Da: Cavallino rivista #1
Rivista e casa editrice: come si diceva, da una realtà piccola e per certi aspetti fortemente locale le strade che si aprono sono senza confini. Samuele ci ha raccontato che in cantiere ci sono già diversi progetti di pubblicazione che viaggiano in parallelo con un nuovo numero della rivista. Quello che ci ha colpito del primo volume è la preponderanza delle illustrazioni rispetto alla scrittura e la scelta di un segno grafico che è più intimista ed emotivo che narrativo. Non c’è un vero e proprio tema a condurre le storie sebbene in tutte si possono trovare dei riferimenti al quotidiano degli autori, alla dimensione dell’abitare, una casa, un paese o uno stato d’animo. Tutte le storie sono state montate partendo dai disegni, alcuni già pubblicati, altri inediti, tutti messi in comune e riassemblati seguendo le suggestioni visive prima, e delle parole poi.
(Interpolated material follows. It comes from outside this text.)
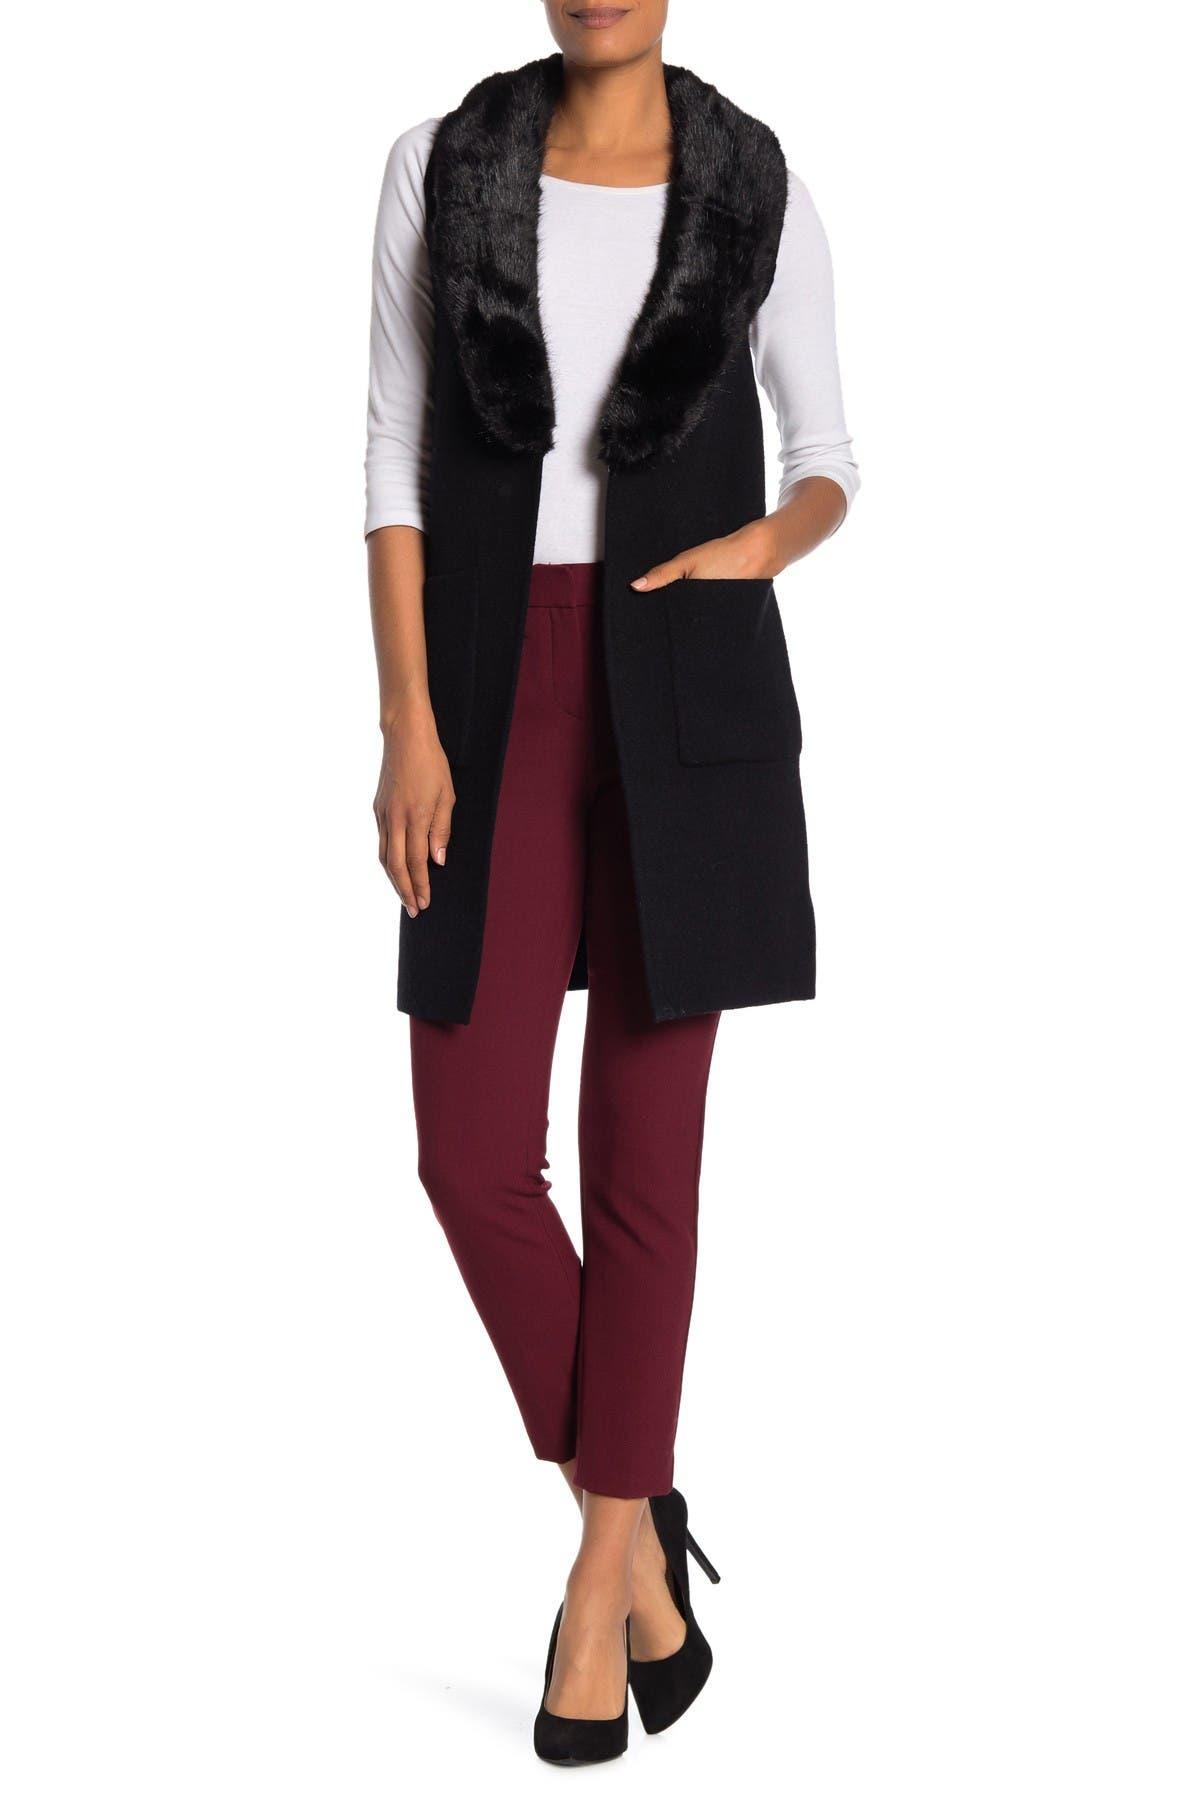 Image of Love Token Faux Fur Collar Sweater Vest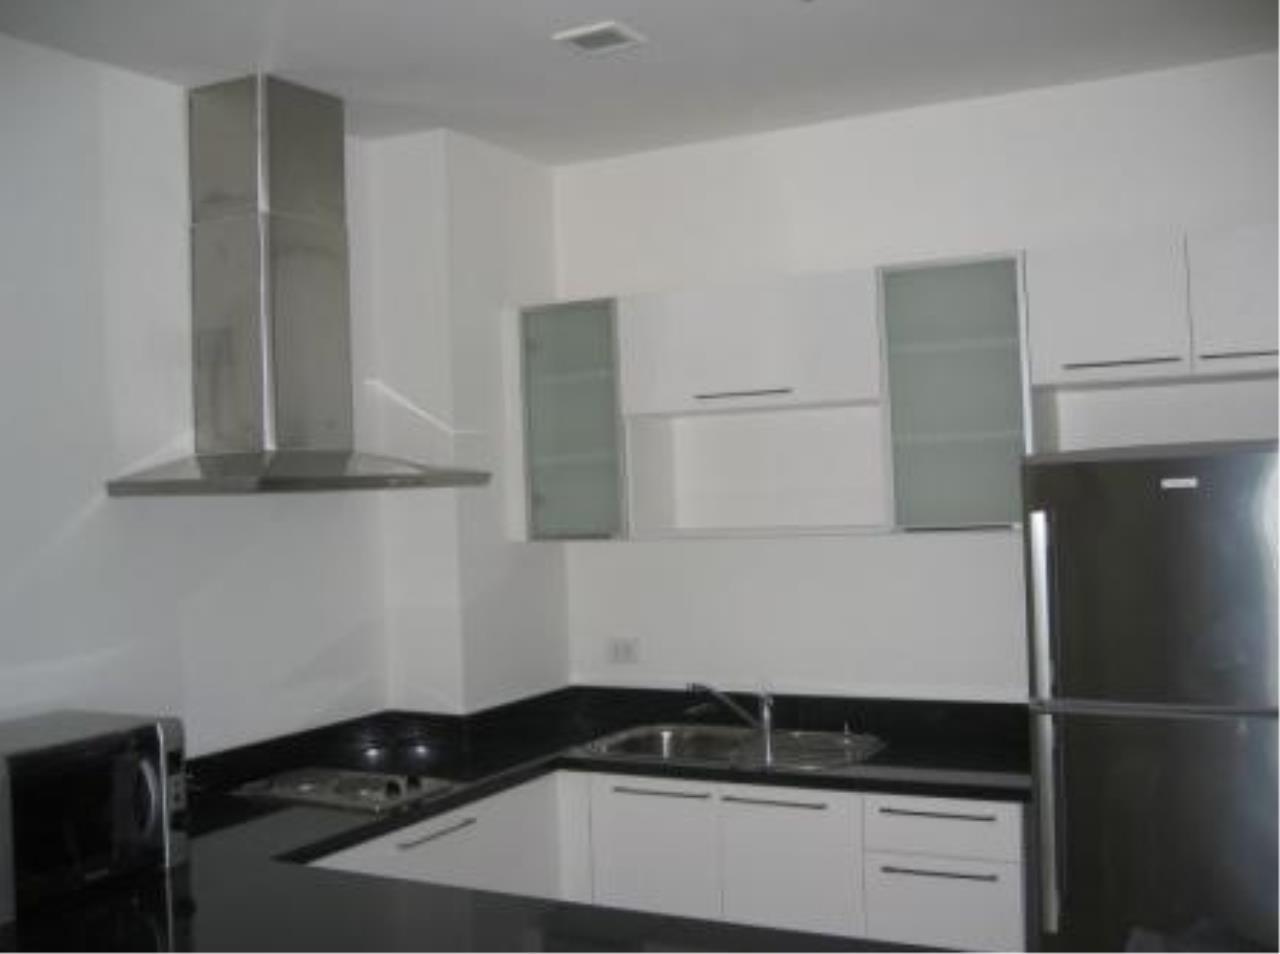 RE/MAX Properties Agency's 1 Bedroom for Rent Nusasiri Grand Condo 2

Un’esperienza da conoscere e sostenere, coraggiosa e sicuramente intraprendente sia per l’età di disegnatori e disegnatrici, che per il pregio di volersi inserire in un panorama editoriale in cui illustrazioni e fumetti stanno conoscendo una nuova fortuna. Non è facile incontrare la rivista in rete, un po’ come lo è per il borgo di Castelcavallino sulla mappa, per questo consigliamo a tutte e tutti di seguire la pagina Facebook (facebook.com/ cavallinorivista) e trovare l’occasione di incontrare in carne, ossa e carta questo giovane progetto editoriale.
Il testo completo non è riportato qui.